-3-

2K 71 7
                                    

Kilka dni później

Obudziłam się niewyspana po nieustannych atakach lęku.
Wygramoliłam się z łóżka po 5 dwuminutowych drzemkach, poszłam do łazienki i od razu się zważyłam. Zdecydowałam na ubranie się trochę ładniej, jak można to było tak w ogóle nazwać. W skrócie chciałam się odpierdolić. W sumie to tylko po to chodziłam do szkoły. Żeby ładnie wyglądać i spalać kalorie chodząc z klasy do klasy. Ubrałam za dużą koszulę w czarno-czerwone
kraty, czarny top, czarne porwane poszerzane jeansy, a pod spodem były kabaretki i glany. Tak troche na alternatywkę. Kiedy założyłam spodnie , prawie ze mnie spadły, więc użyłam paska. Do tego ciemny makijaż i czarna beanie.
Zjadłam jabłko,wypiłam kawę i pognałam do szkoły. Wsadziłam, na szczęście rozplątane, słuchawki do uszu i wsłuchiwałam się w muzykę. Na dworze było chłodno, ale słońce mocno świeciło, przebijało się przez liście drzew. Wszystko było jeszcze takie śpiące.

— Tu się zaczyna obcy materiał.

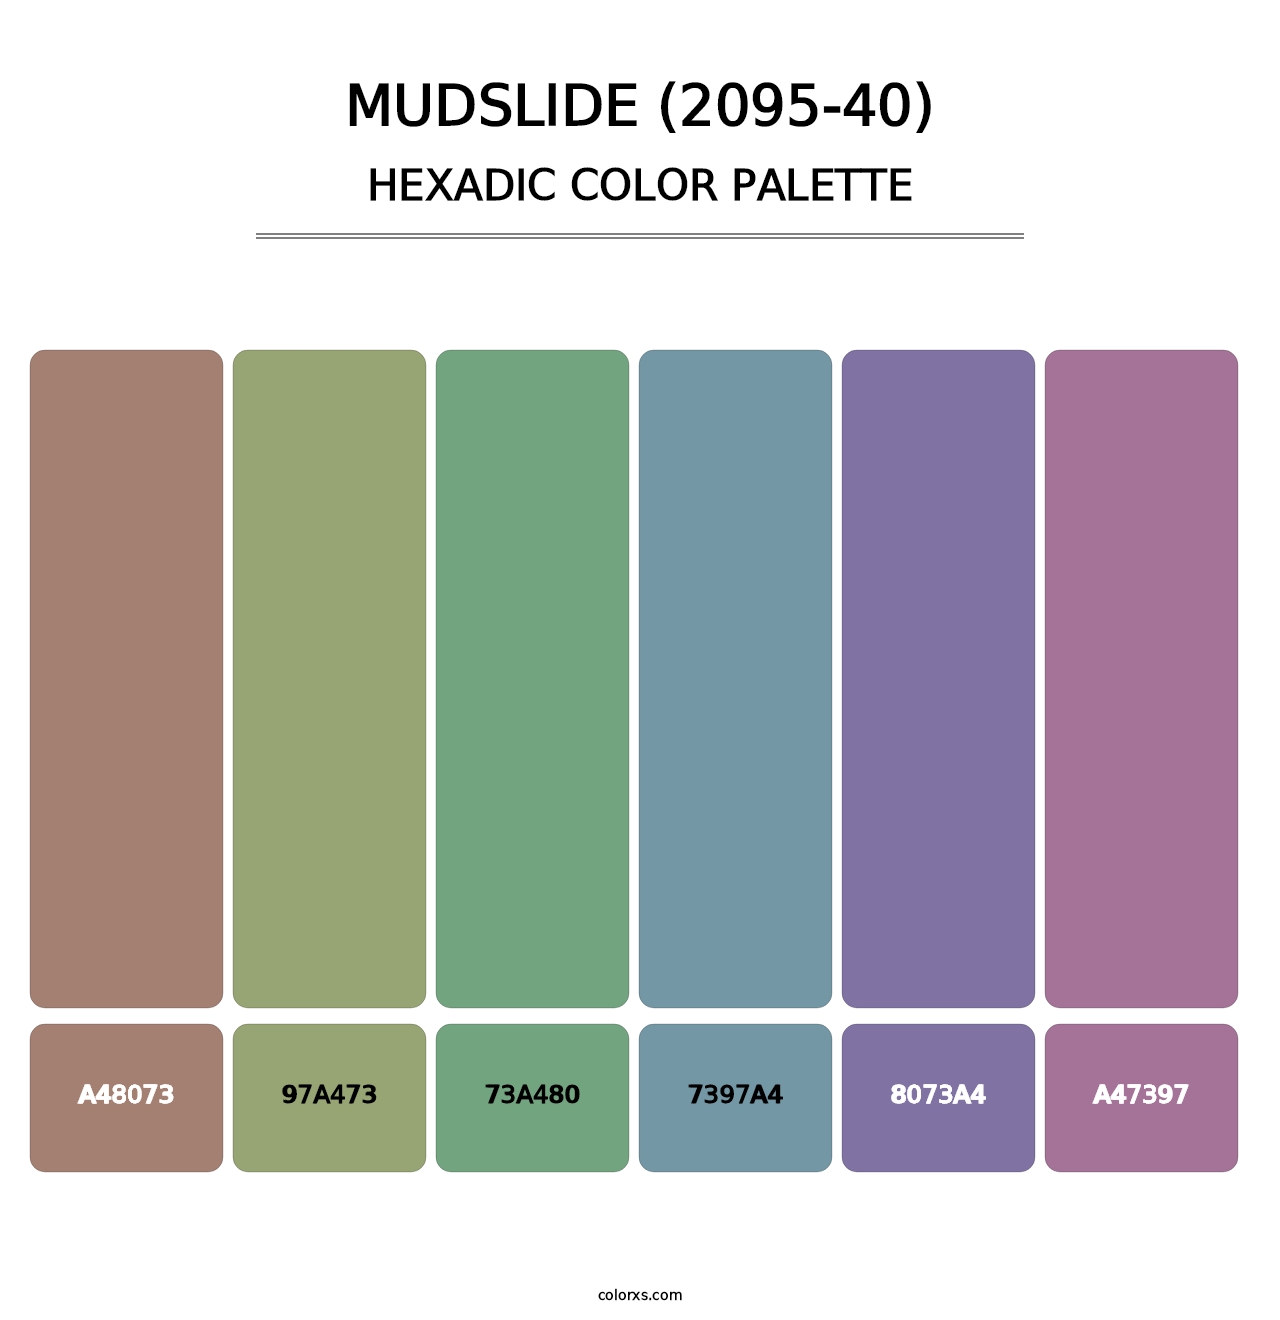 Mudslide (2095-40) - Hexadic Color Palette

Na każdej lekcji pani zwracała uwagę Yoongiemu, który zabłąkany był gdzieś w myślach chyba. Co jakiś czas patrzyłam się na niego i wyglądał jakby coś go dręczyło. Martwiło mnie to, jak i martwiło mnie to że się nim martwię. Czułam, że coś jest nie tak. Jego czarne oczy i zachowanie dawały się we znaki, a moja intuicja zawsze była na poziomie maksymalnym.

Po lekcjach zobaczyłam uchylone drzwi od sali gimnastycznej, od której dobiegały odgłosy piszczacych butów i skoków.
Po chwili wszystko ucichło.
Z zaciekawieniem otworzyłam bardziej drzwi i zobaczyłam Yoongiego siedzącego samego na ziemi, opartego o ścianę. Piłka od koszykówki sunęła powoli w moją stronę. Patrzyłam się na chłopaka, który miał zamknięte oczy. Wpatrywałam się w jego twarz. Kształt oczu, żuchwy, nosa... Z jego twarzy mogłam wyczytać smutek lub też zmęczenie. Gapiłam się dopóki nie otworzył oczu i popatrzył się prosto na mnie. Dalej patrzyłam sie na niego, nie mogłam przestać. Serce waliło mi bardzo mocno, aż czułam te uderzenia w gardle.
"Spierdalaj stąd"- mój mózg starał się wygrać nade mną.
Uciekłam szybkim krokiem wychodząc na dwór. Na dworze byli ci debile, którzy bili Yoongiego wcześniej. Rozmawiali sobie, a ja skorzystałam z okazji i spróbowałam szybko się ewakuować, żeby mnie nie widzieli. No. Ale. Nie.